__Supplied material__
((
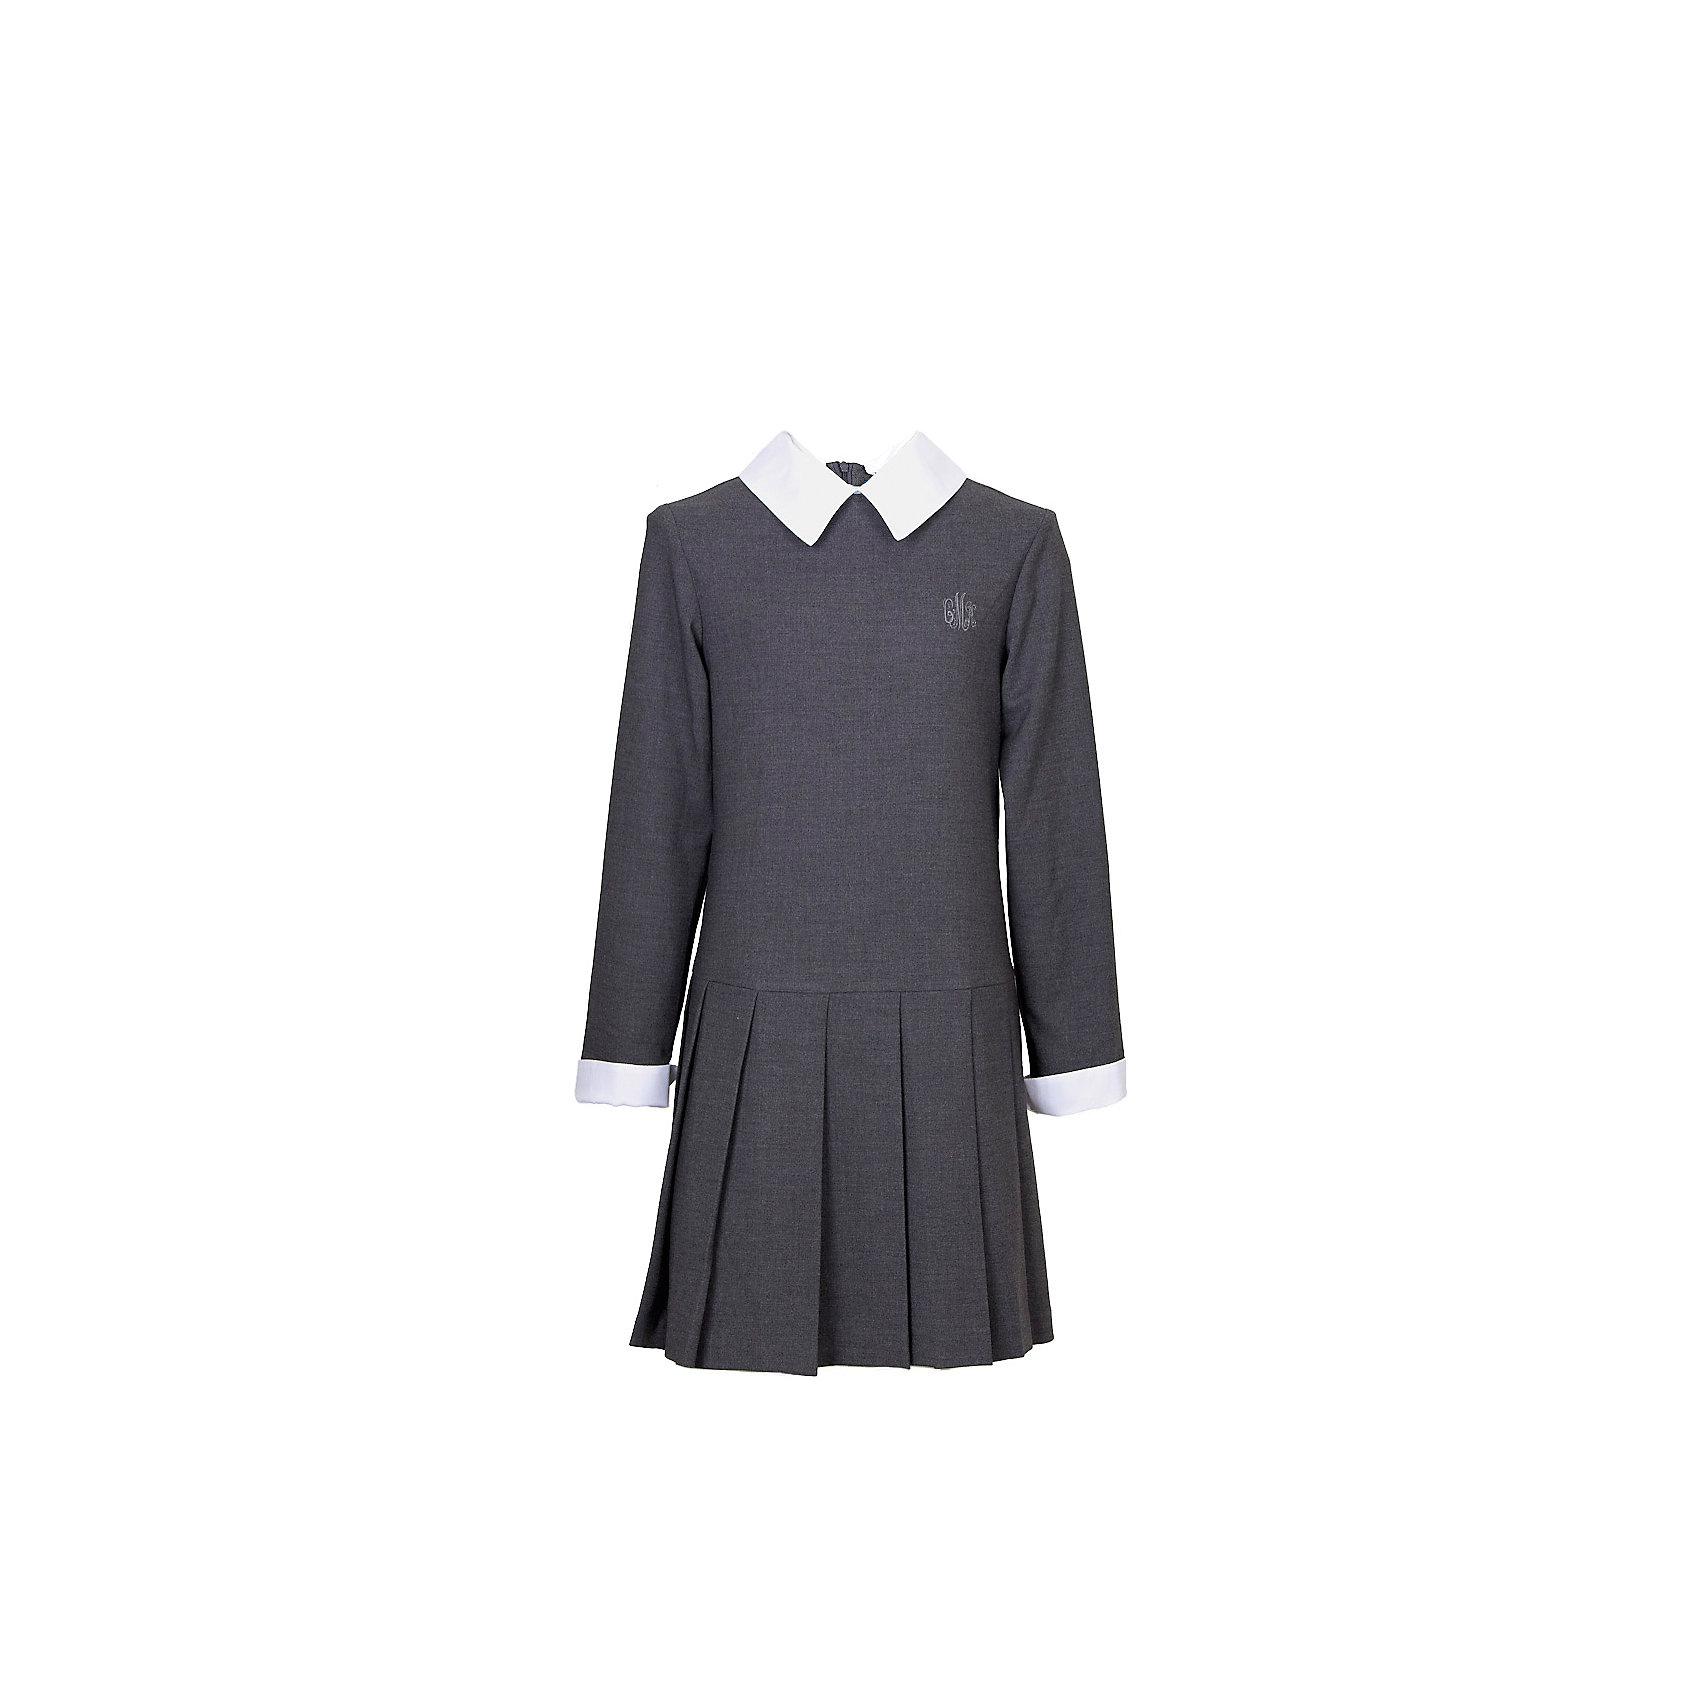 Платье для девочки СменаПлатья и сарафаны<br>Характеристики товара:<br><br>• цвет: серый;<br>• состав: 48% вискоза, 48% полиэстер, 4% полиуретан;<br>• сезон: демисезон;<br>• особенности: школьное;<br>• с длинным рукавом;<br>• юбка в складку;<br>• застежка: молния на спине;<br>• страна бренда: Россия;<br>• страна производства: Россия.<br><br>Школьное платье с длинным рукавом для девочки. Платье в складку внизу, застегивается на молнию на спинке. Декорировано вышивкой на груди. Манжеты рукавов и воротник контрастного белого цвета.<br><br>Платье для девочки Смена можно купить в нашем интернет-магазине.<br><br>Ширина мм: 236<br>Глубина мм: 16<br>Высота мм: 184<br>Вес г: 177<br>Цвет: серый<br>Возраст от месяцев: 72<br>Возраст до месяцев: 84<br>Пол: Женский<br>Возраст: Детский<br>Размер: 122,128,134,140,152,146,158,164,116<br>SKU: 6684052
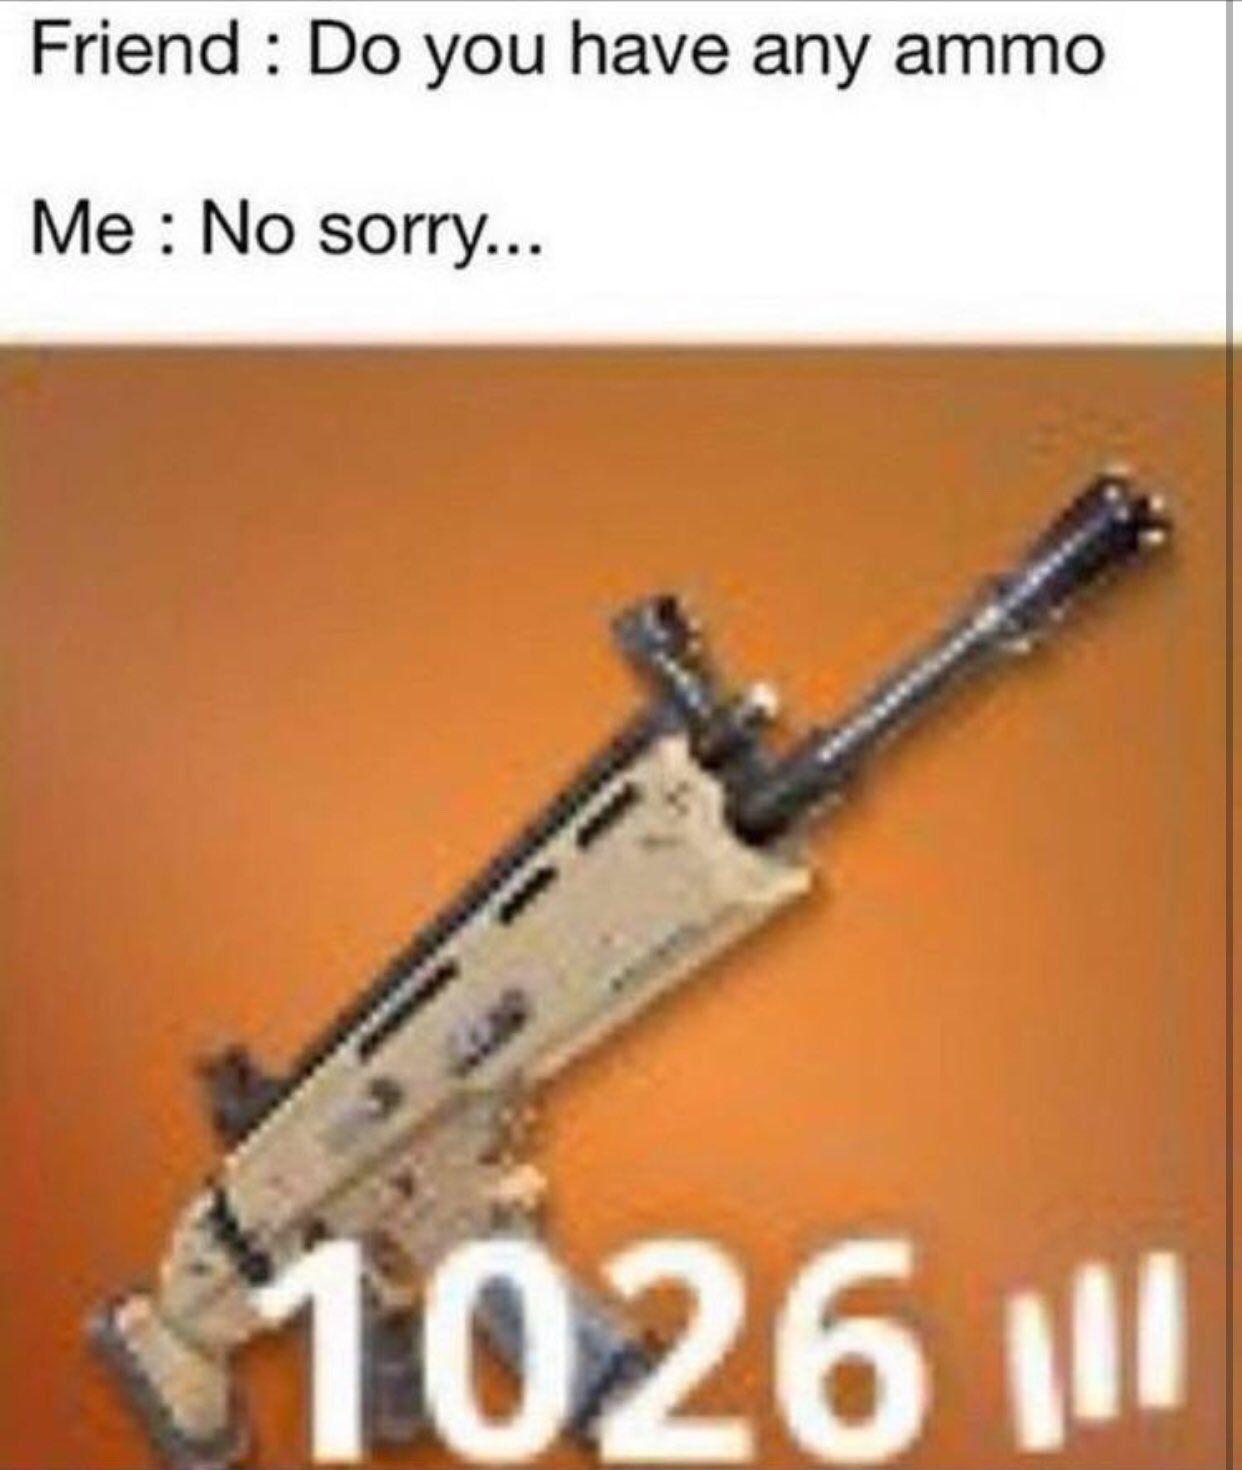 Fornite Humor Memes Fortnite Memes For Kids Kid Memes Funny Memes Edgy Memes
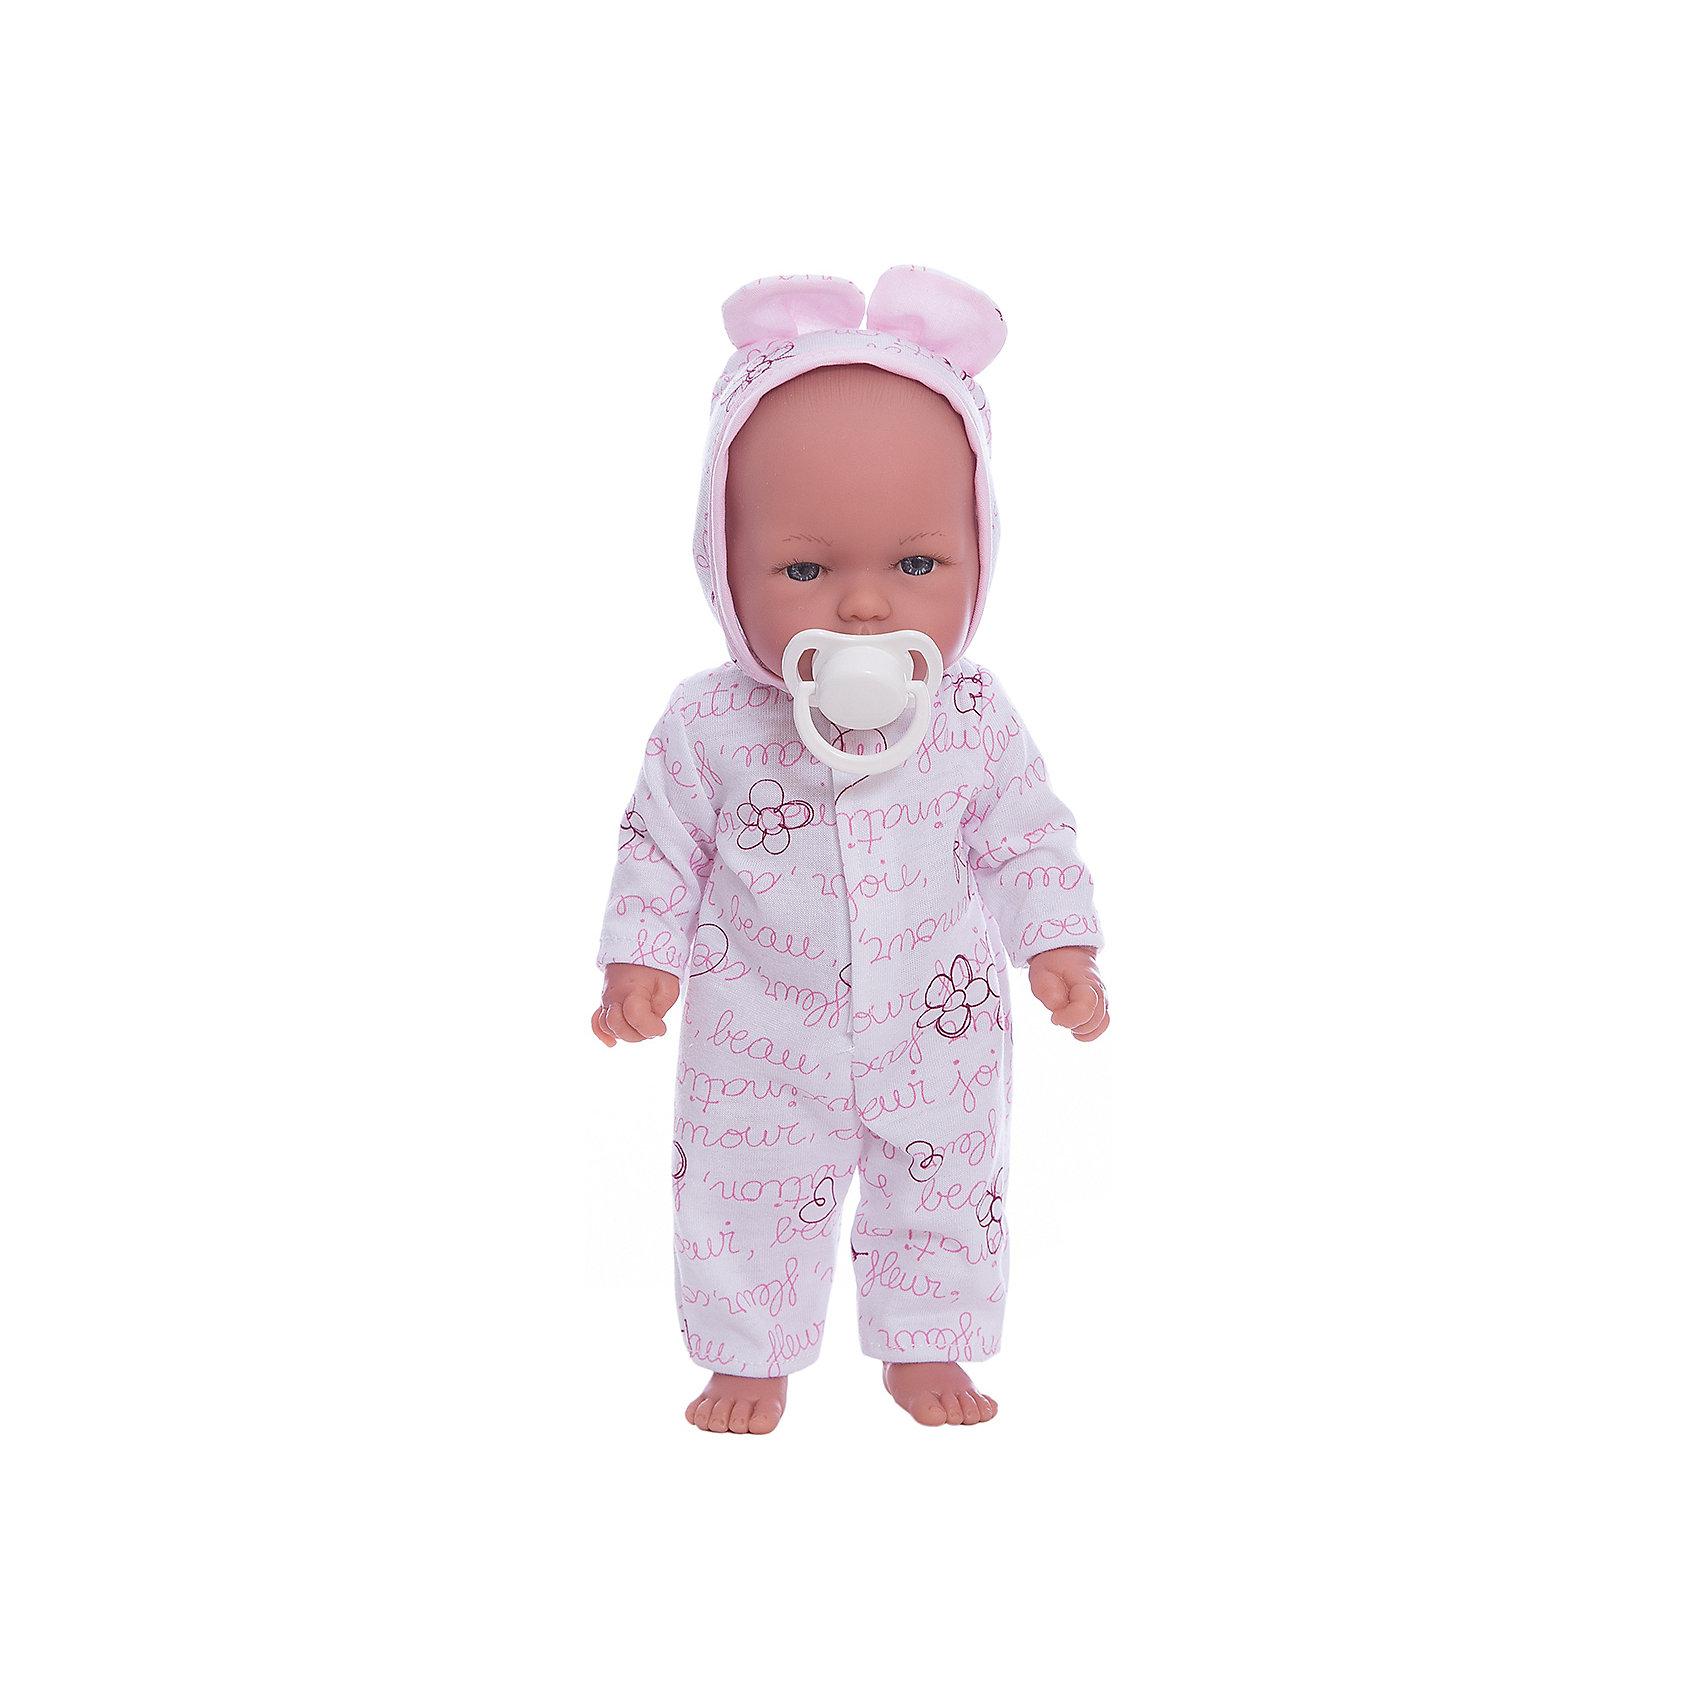 Кукла Оливия в пижамке, умеет стоять, серия soft touch, Vestida de AzulБренды кукол<br>Характеристики товара:<br><br>• возраст: от 3 лет;<br>• материал: винил, текстиль;<br>• в комплекте: кукла, пижама, соска;<br>• высота куклы: 30 см;<br>• размер упаковки: 34х14х8 см;<br>• вес упаковки: 460 гр.;<br>• страна производитель: Испания.<br><br>Кукла Оливия в пижамке Soft Touch Vestida de Azul — Маленький пупс большими глазками и пухлыми щечками. Оливия одета в пижамку с цветами и капюшоном. У куклы подвижные руки и ноги, она умеет самостоятельно стоять. Игра с куклой привьет девочке чувство ответственности, любви, заботы. <br><br>Куклу Оливию в пижамке Soft Touch Vestida de Azul можно приобрести в нашем интернет-магазине.<br><br>Ширина мм: 380<br>Глубина мм: 120<br>Высота мм: 240<br>Вес г: 650<br>Возраст от месяцев: 36<br>Возраст до месяцев: 2147483647<br>Пол: Женский<br>Возраст: Детский<br>SKU: 6844342
))
__To do__
Only the lines from the one with "Fornite Humor Memes" through the last line of the listing belong in your answer; copy them exactly and skip the pictures.

__Result__
 Fornite Humor Memes Fortnite Memes For Kids Kid Memes Funny Memes Edgy Memes
 Кукла Оливия в пижамке, умеет стоять, серия soft touch, Vestida de AzulБренды кукол<br>Характеристики товара:<br><br>• возраст: от 3 лет;<br>• материал: винил, текстиль;<br>• в комплекте: кукла, пижама, соска;<br>• высота куклы: 30 см;<br>• размер упаковки: 34х14х8 см;<br>• вес упаковки: 460 гр.;<br>• страна производитель: Испания.<br><br>Кукла Оливия в пижамке Soft Touch Vestida de Azul — Маленький пупс большими глазками и пухлыми щечками. Оливия одета в пижамку с цветами и капюшоном. У куклы подвижные руки и ноги, она умеет самостоятельно стоять. Игра с куклой привьет девочке чувство ответственности, любви, заботы. <br><br>Куклу Оливию в пижамке Soft Touch Vestida de Azul можно приобрести в нашем интернет-магазине.<br><br>Ширина мм: 380<br>Глубина мм: 120<br>Высота мм: 240<br>Вес г: 650<br>Возраст от месяцев: 36<br>Возраст до месяцев: 2147483647<br>Пол: Женский<br>Возраст: Детский<br>SKU: 6844342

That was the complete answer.